▶ _Task description_
The material below includes pictures; leave them out and return only the lines between the line containing "RARE French LP" and the line containing "Las Vegas, JUL", inclusive, word for word.

▶ _Dataset records_

+ + +

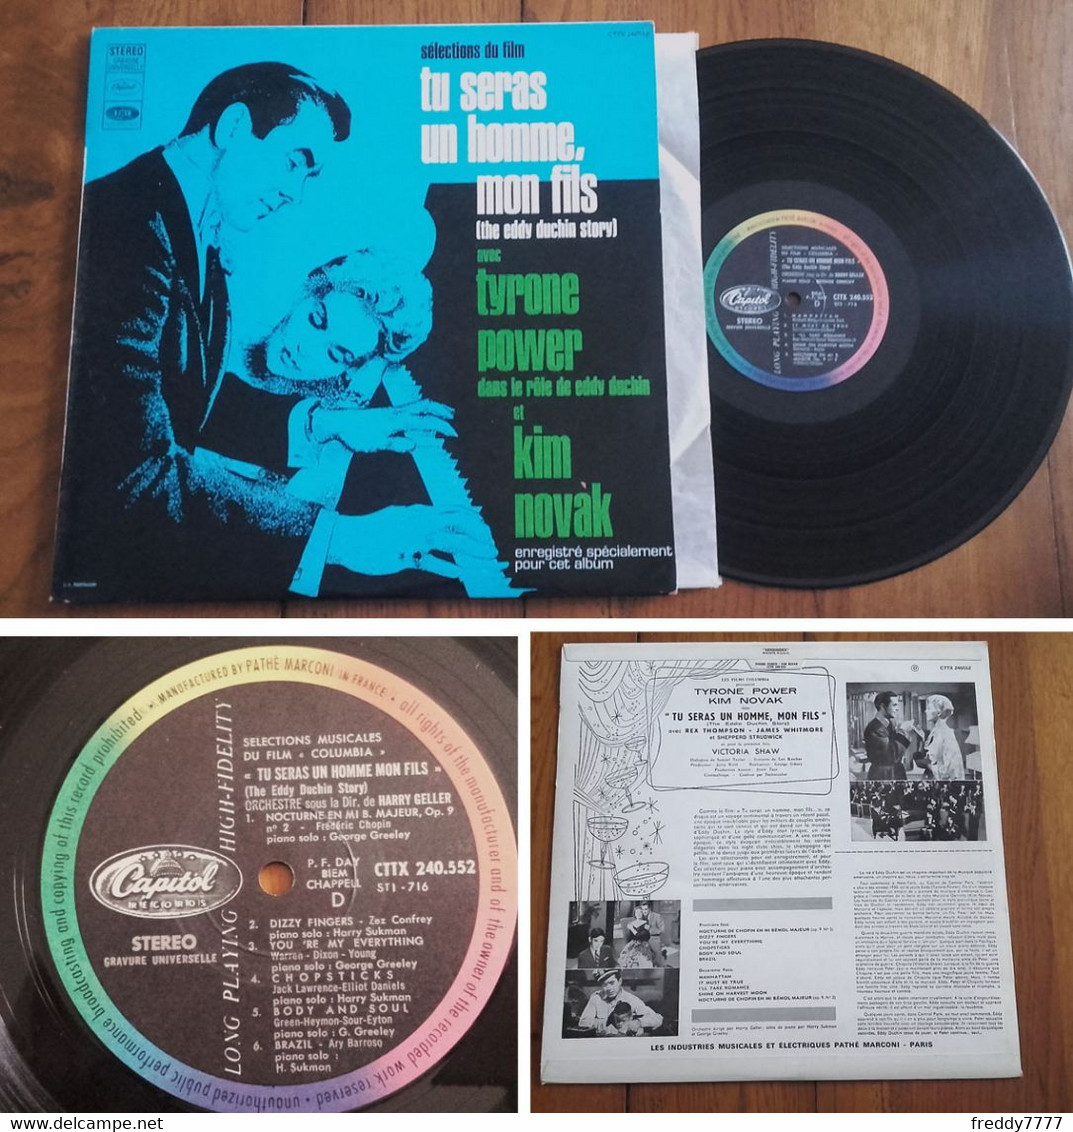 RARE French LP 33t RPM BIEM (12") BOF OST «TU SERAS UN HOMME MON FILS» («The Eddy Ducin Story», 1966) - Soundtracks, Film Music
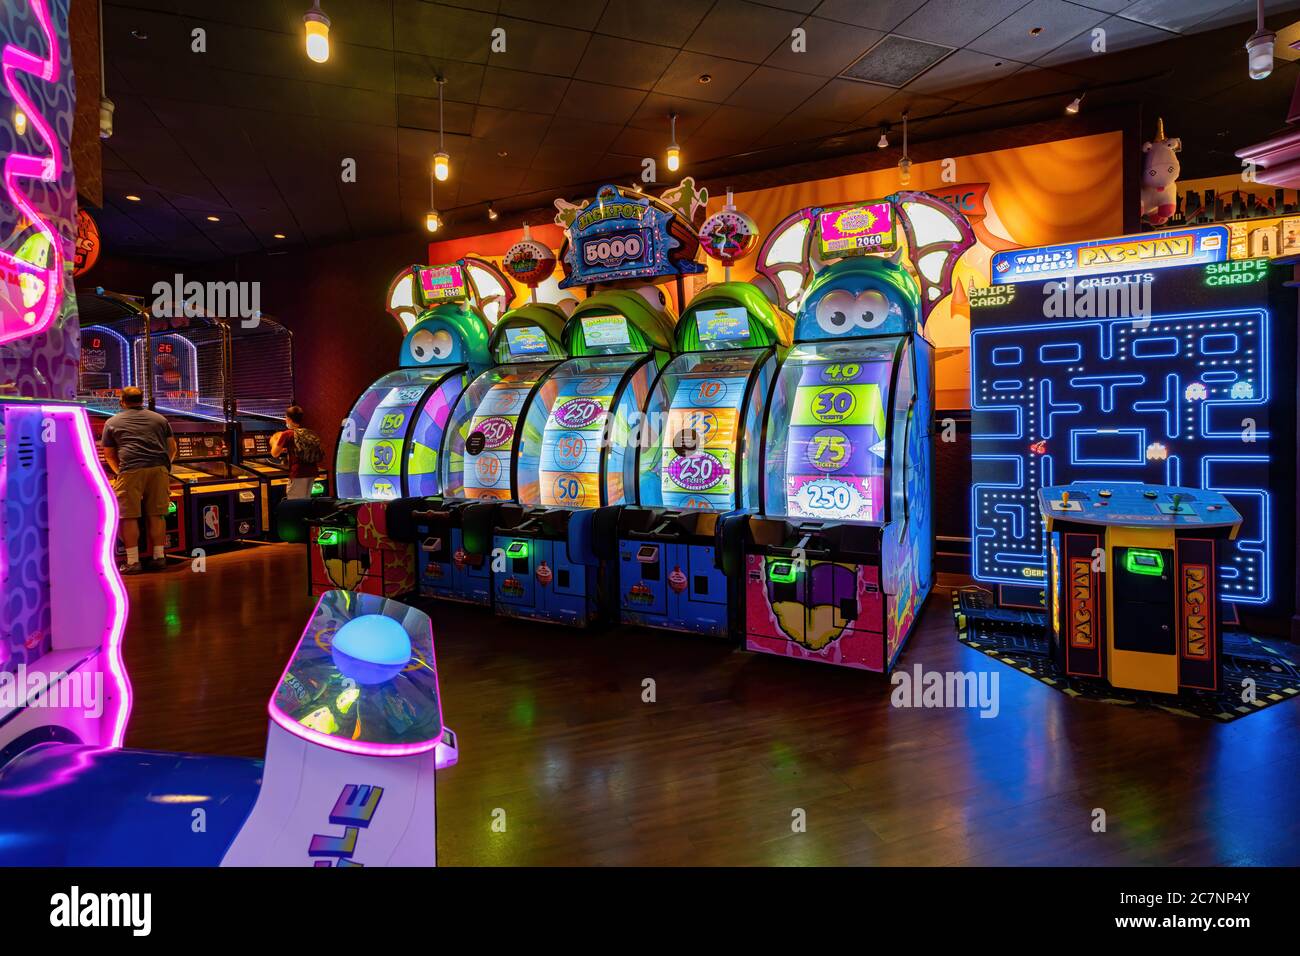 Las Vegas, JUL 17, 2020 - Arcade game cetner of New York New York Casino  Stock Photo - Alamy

+ + +

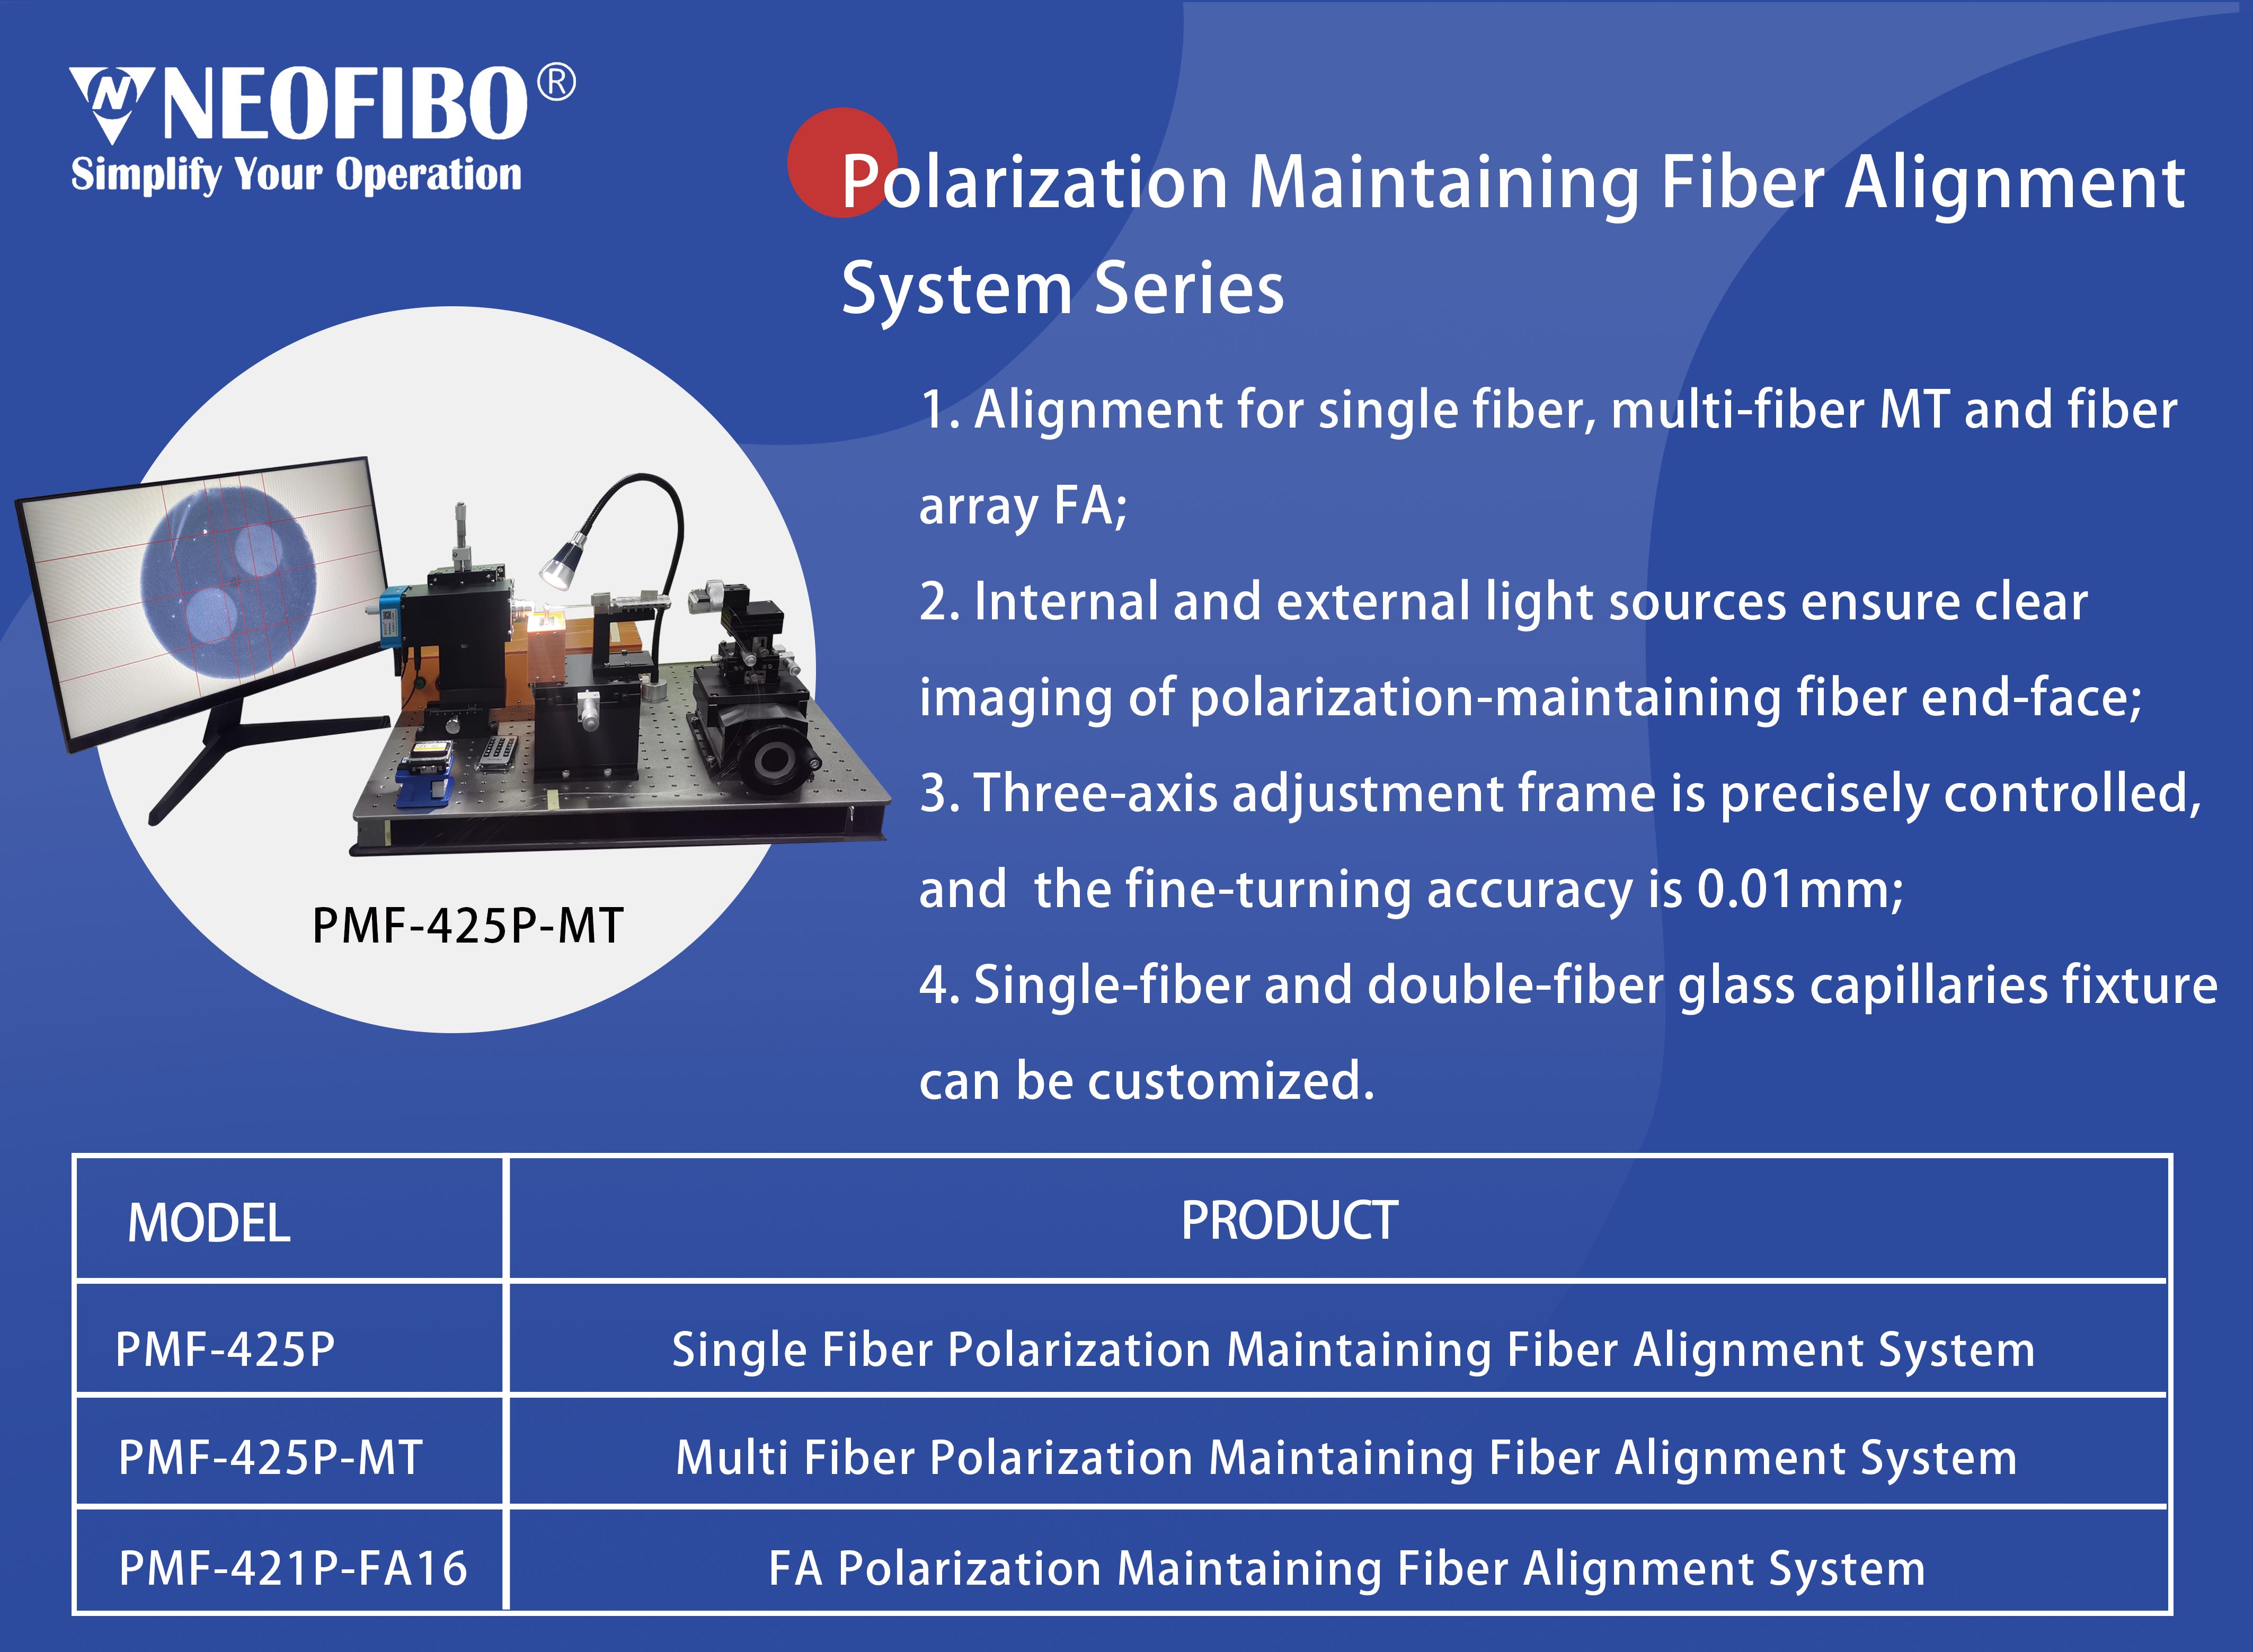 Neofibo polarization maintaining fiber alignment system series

+ + +

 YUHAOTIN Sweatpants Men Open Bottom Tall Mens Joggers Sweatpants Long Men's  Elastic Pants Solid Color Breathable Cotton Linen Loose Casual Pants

+ + +

▶ _Task output_
 RARE French LP 33t RPM BIEM (12") BOF OST «TU SERAS UN HOMME MON FILS» («The Eddy Ducin Story», 1966) - Soundtracks, Film Music
 Las Vegas, JUL 17, 2020 - Arcade game cetner of New York New York Casino  Stock Photo - Alamy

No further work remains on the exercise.